**DATA BELOW**
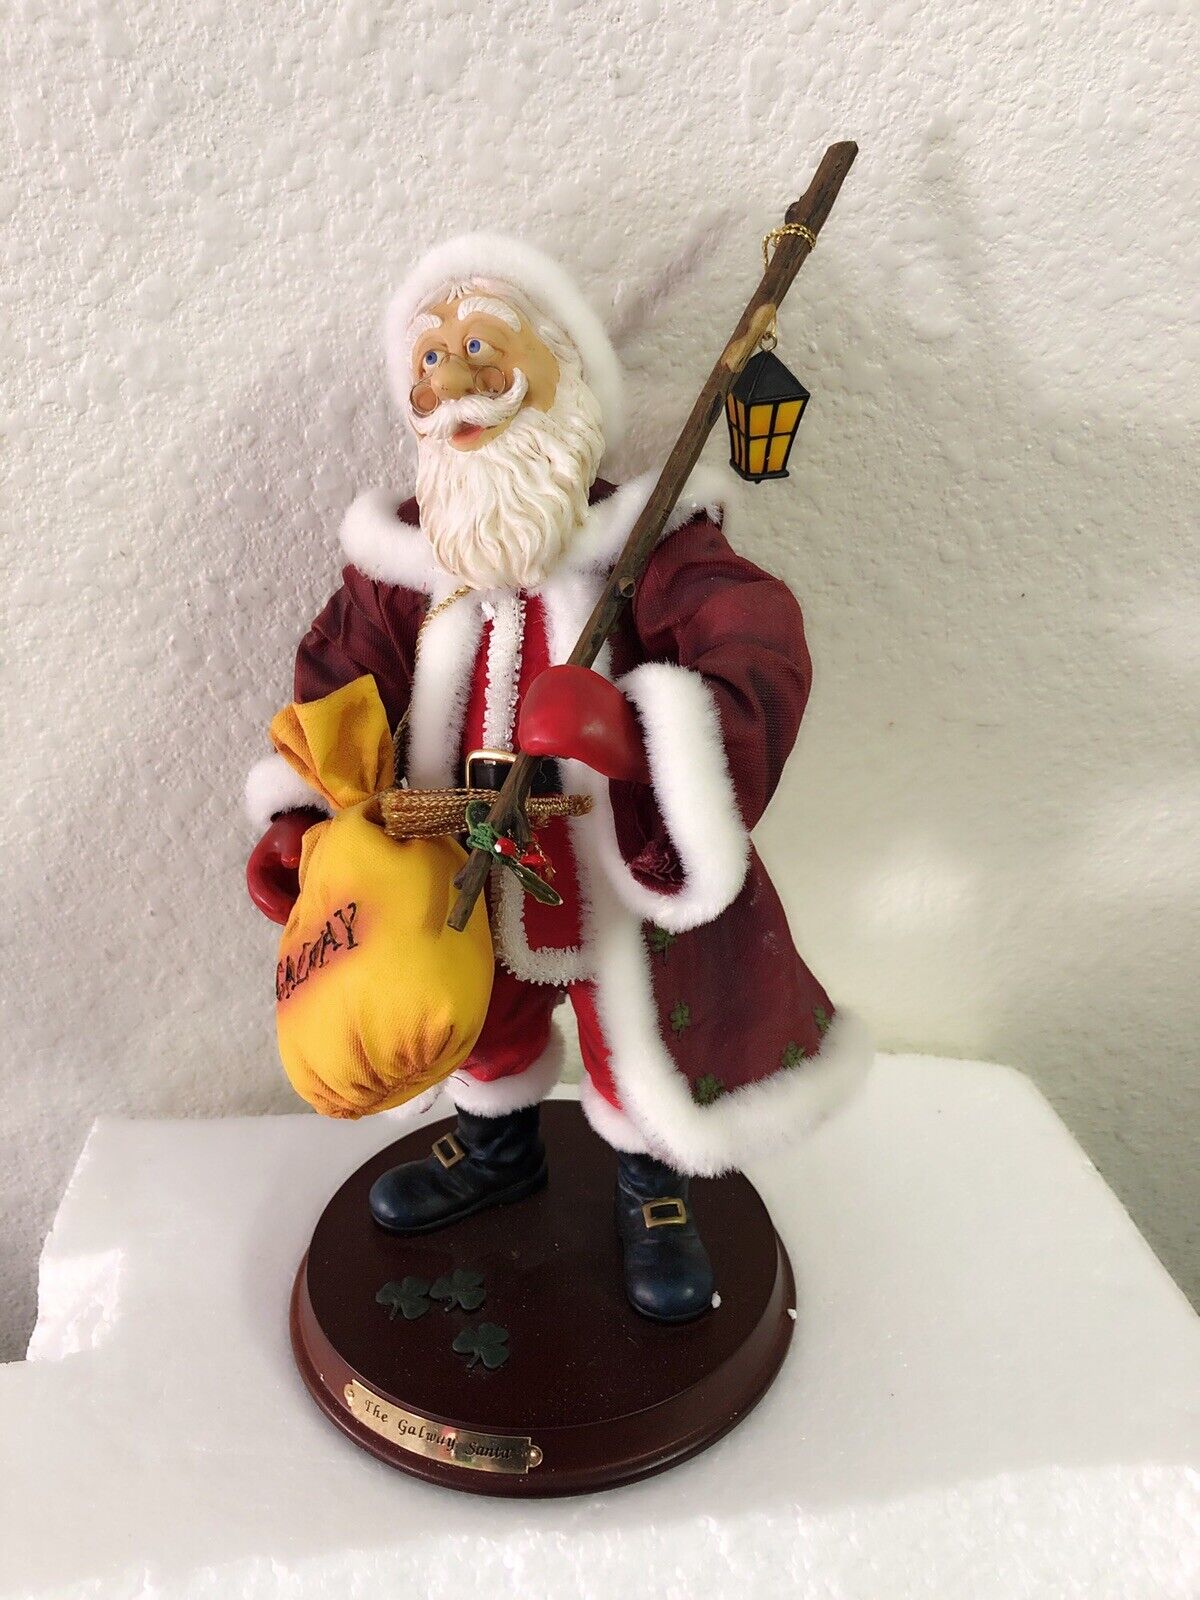 GALWAY Santa Claus Lucky 3 Glover- Santa Claus Figurine wood stand Whit Box
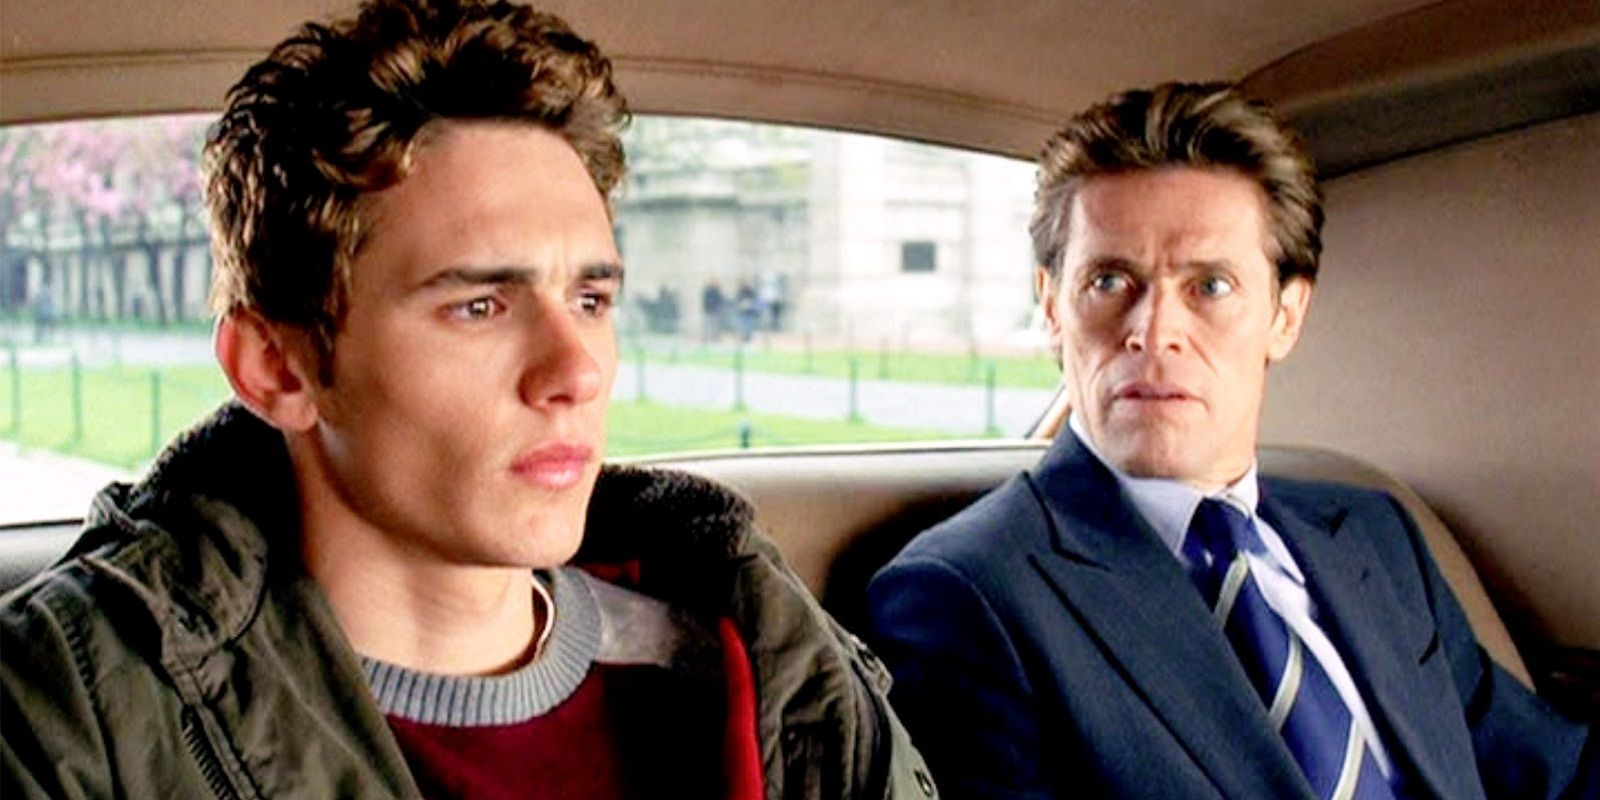 10 Best Movies With The Franco Brothers According To IMDb
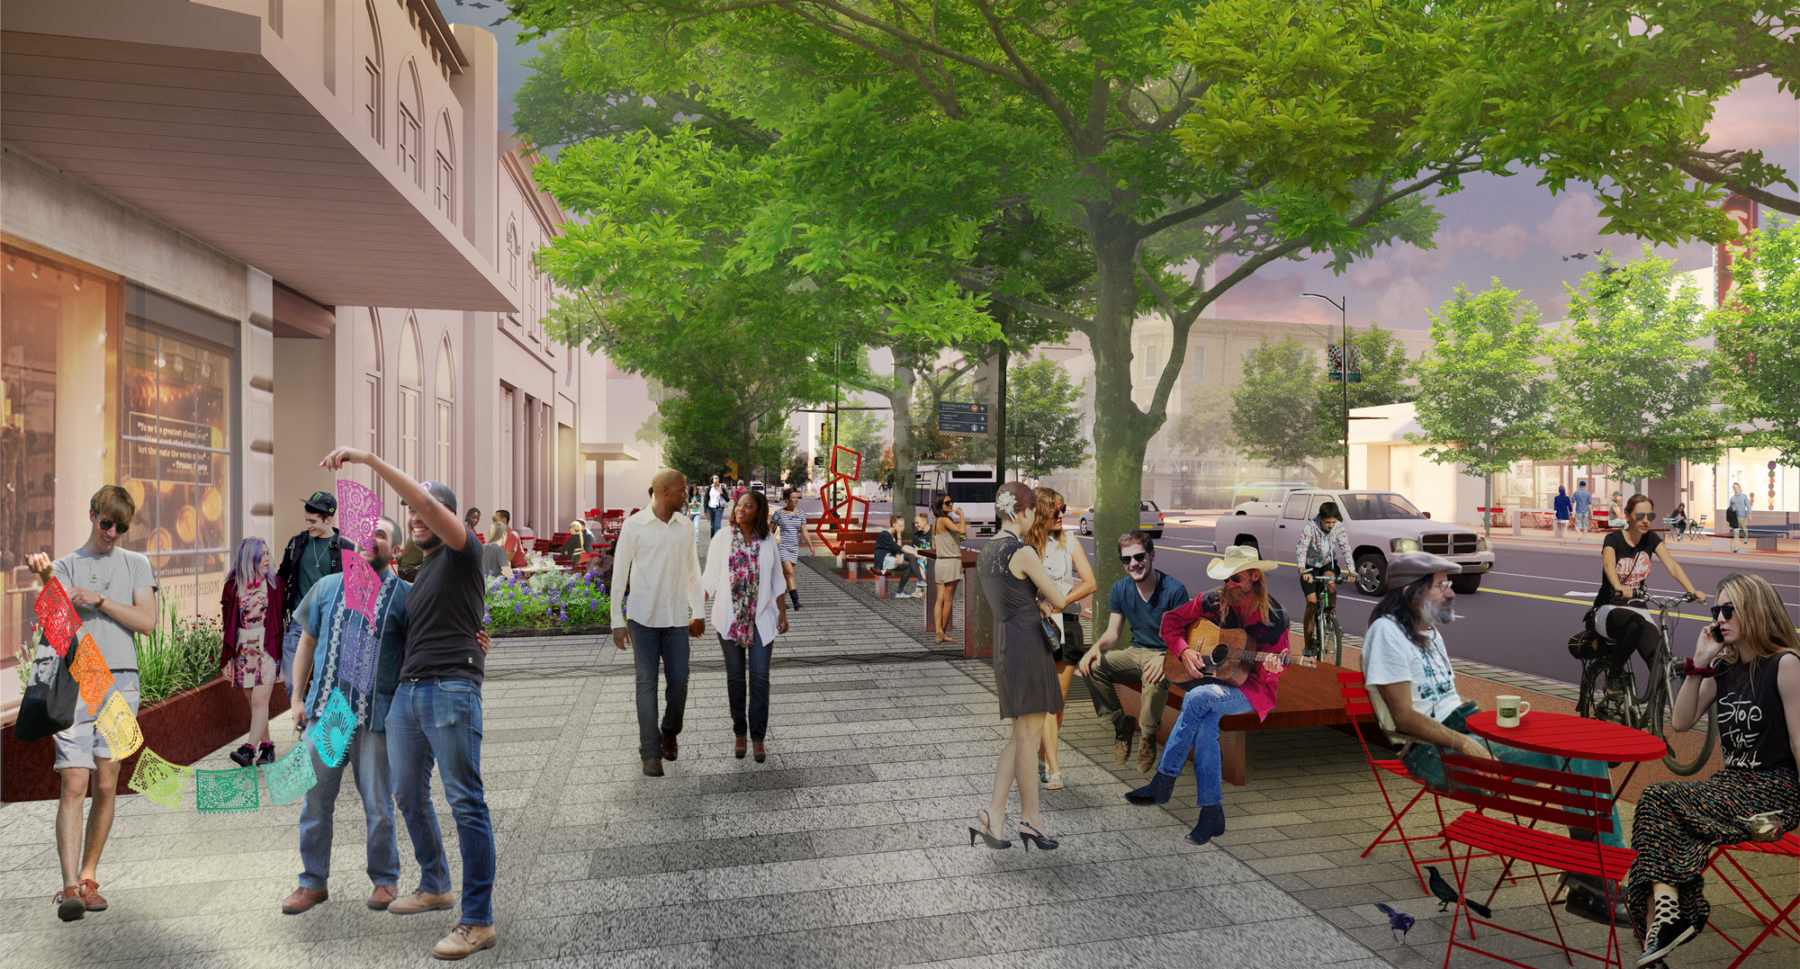 Rendering of proposed street design intervention. On the right people sit at red cafe tables. On the left a group holds a rainbow banner.
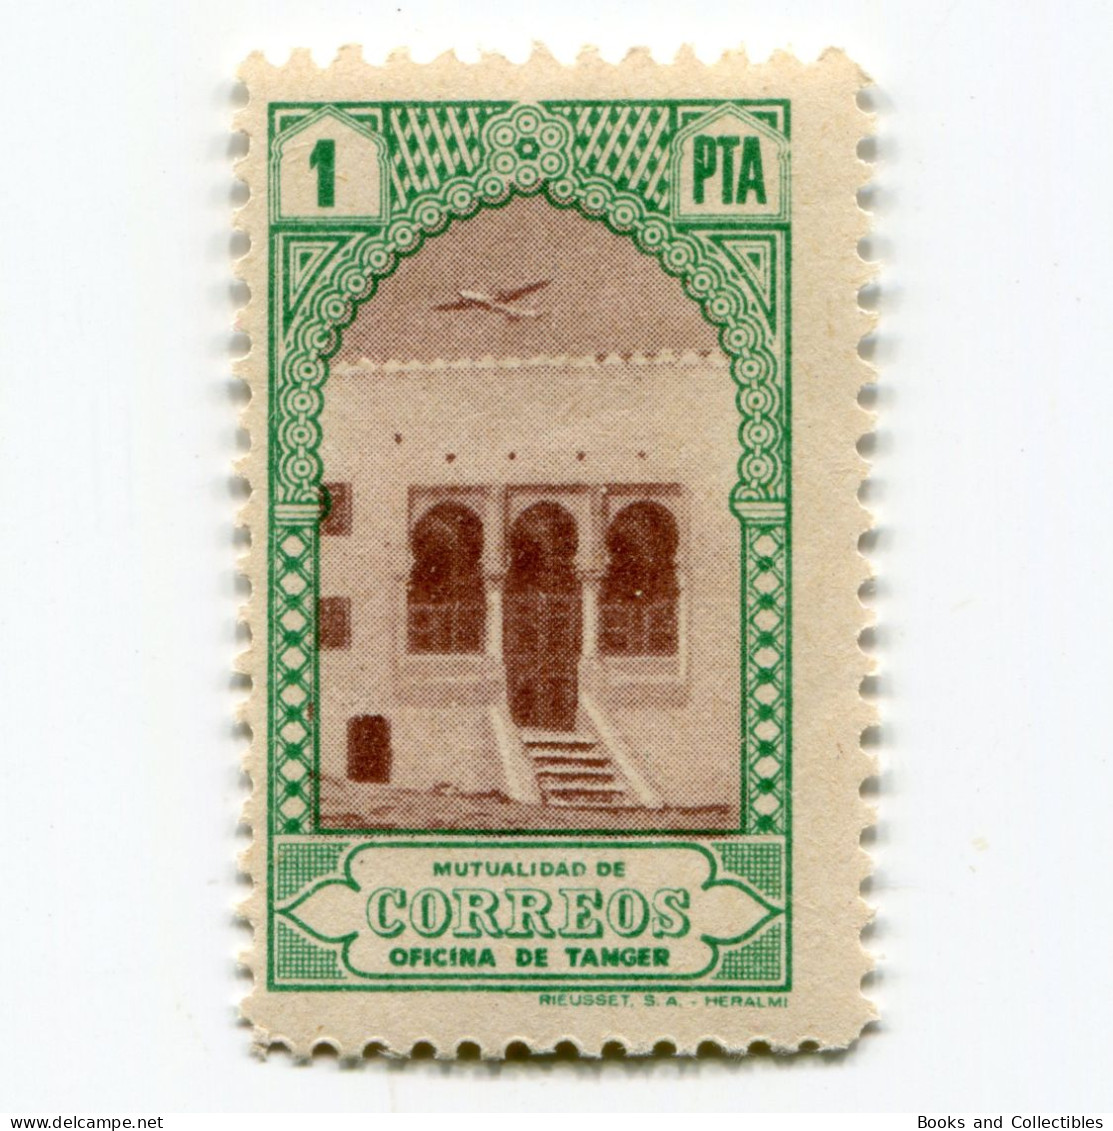 [FBL ● A-01] SPANISH TANGIER - 1946 - Beneficent Stamps - 1 Pta - Edifil ES-TNG BE26 - Bienfaisance

**WHAT TO WORK ON**
Take the listing above and retype it exactly. Its pictures are to be omitted.

**ANSWER BELOW**
 GALWAY Santa Claus Lucky 3 Glover- Santa Claus Figurine wood stand Whit Box
 10 Best Movies With The Franco Brothers According To IMDb
 Rendering of proposed street design intervention. On the right people sit at red cafe tables. On the left a group holds a rainbow banner.
 [FBL ● A-01] SPANISH TANGIER - 1946 - Beneficent Stamps - 1 Pta - Edifil ES-TNG BE26 - Bienfaisance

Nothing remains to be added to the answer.